Merkez Bankası yılın ilk raporunda enflasyon tahminlerini yükseltti
Türkiye Cumhuriyet Merkez Bankası Başkanı Fatih Karahan, yılın ilk Enflasyon Raporu'nun tanıtımı amacıyla İstanbul Finans Merkezi Türkiye Cumhuriyet Merkez Bankası Yerleşkesi'nde bilgilendirme toplantısı düzenledi.

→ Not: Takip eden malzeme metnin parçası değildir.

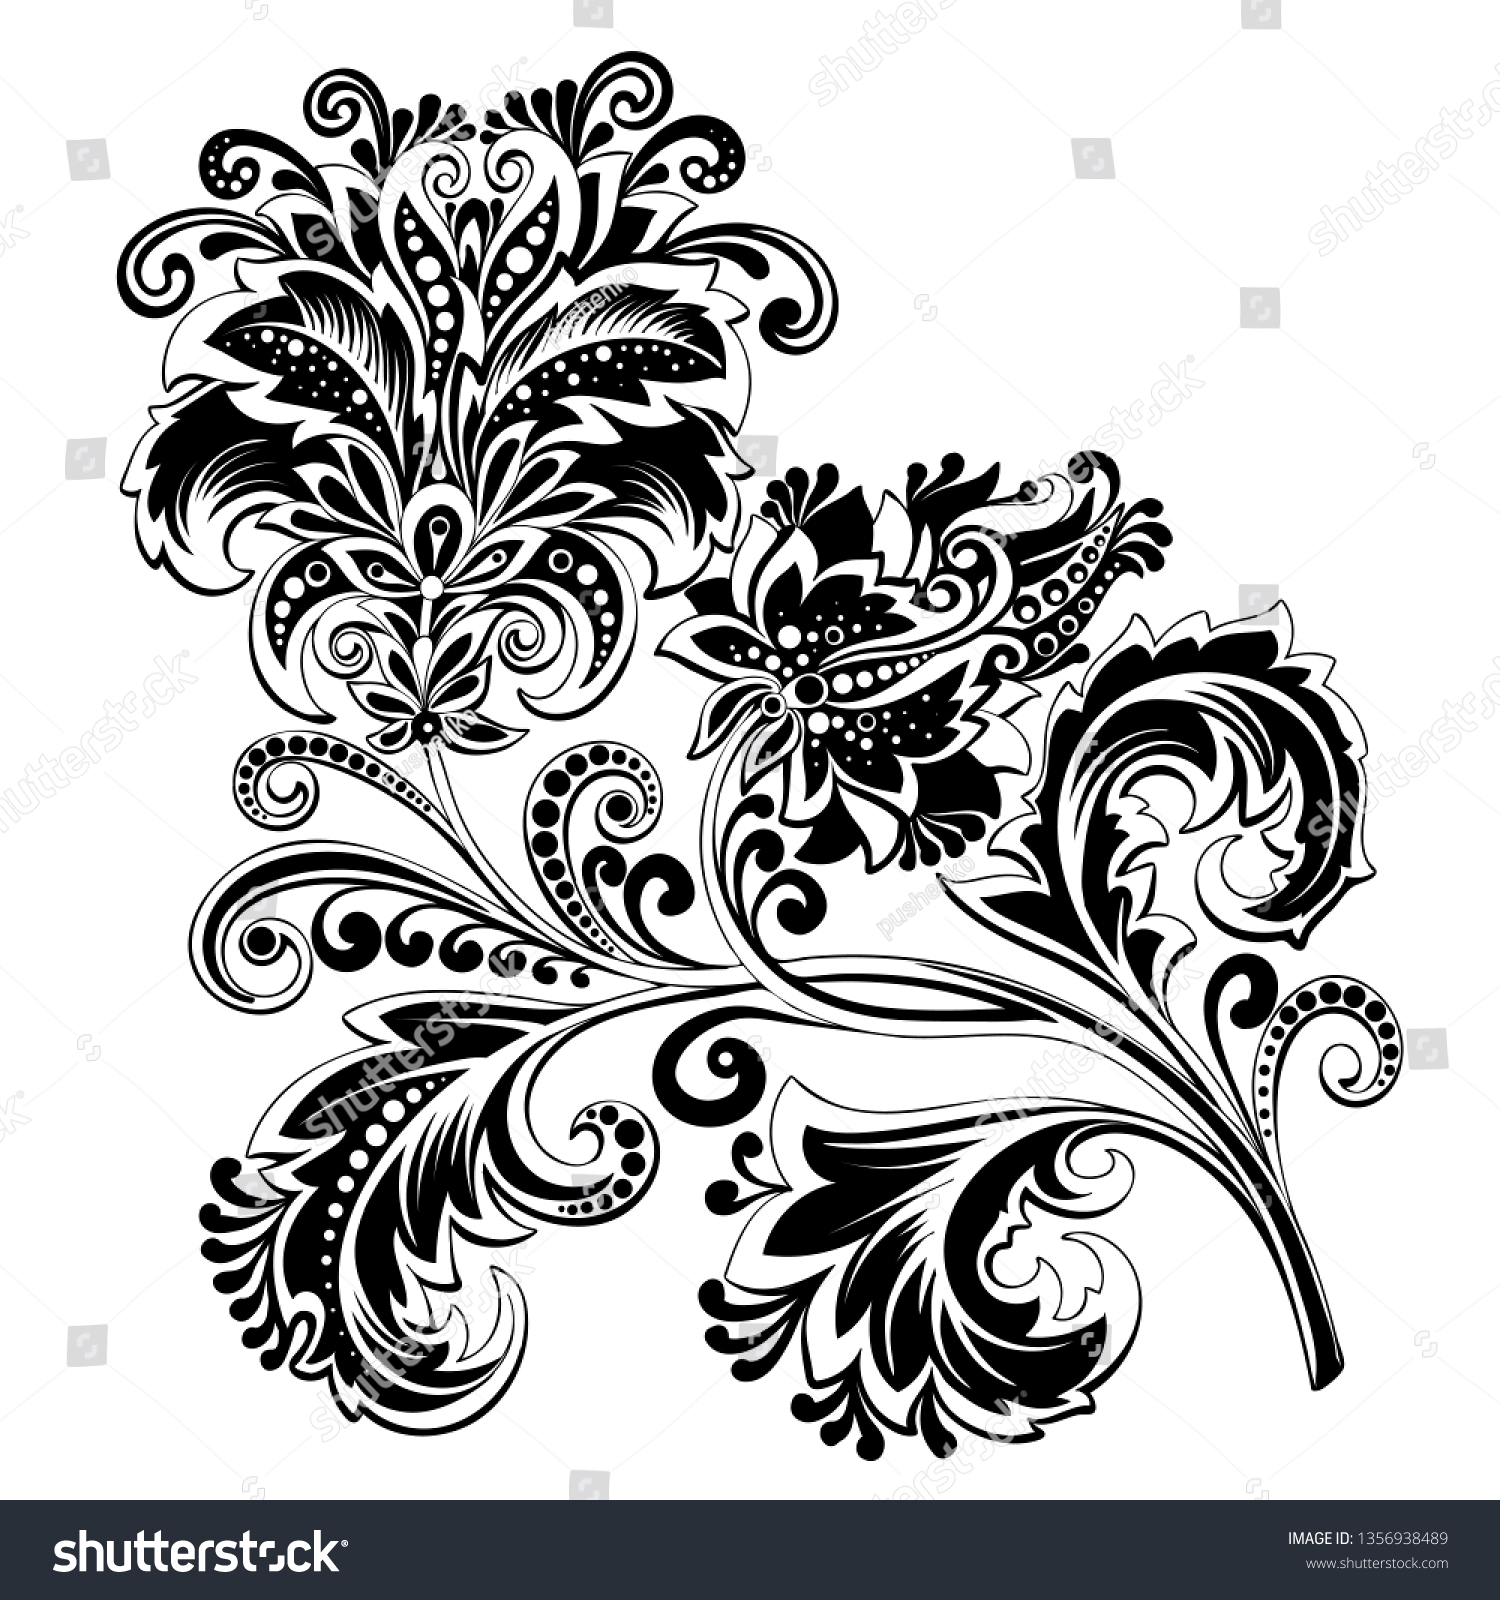 Vector Black White Floral Clipart Tattoo Stock Vector (Royalty Free ...

Türkiye Cumhuriyet Merkez Bankası Başkanı Fatih Karahan, İstanbul Finans Merkezi'ndeki Türkiye Cumhuriyet Merkez Bankası Yerleşkesi'nde düzenlenen yılın ilk Enflasyon Raporu Bilgilendirme Toplantısı'nda açıklamalarda bulundu. Karahan "Dezenflasyon sürecimiz devam ediyor. Makroekonomik göstergeler de bu süreçle uyumlu şekilde ilerliyor. İç talebin enflasyondaki düşüşü destekleyici seviyelere geldiğini, enflasyonun ana eğiliminin düşüş trendinde olduğunu değerlendiriyoruz. Para politikasındaki sıkı duruşumuzu dezenflasyonun devamını sağlayacak şekilde sürdüreceğiz. Küresel büyümede kademeli toparlanma öngörüsü korundu. Küresel ticaret politikalarına dair belirsizlik son dönemde yükseldi. Enerji fiyatları son dönemde dalgalı bir seyir izledi. Merkez bankaları enflasyon eğilimini dikkate alarak mali sıkılığı azaltıyor. Piyasa fiyatlamaları hem gelişmiş hem de gelişmekte olan ülkelerde 2025'te faizlerin daha yavaş indirileceğine işaret ediyor. Üretim göstergeleri iktisadi faaliyette toparlanmaya işaret ediyor. Korumacı eğilimlerin artması ve jeopolitik riskler büyüme üzerinde aşağı yönlü, enflasyon üzerinde yukarı yönlü riskleri artırıyor. Talep şartları enflasyondaki düşüşü destekleyici seviyelerde" diye konuştu.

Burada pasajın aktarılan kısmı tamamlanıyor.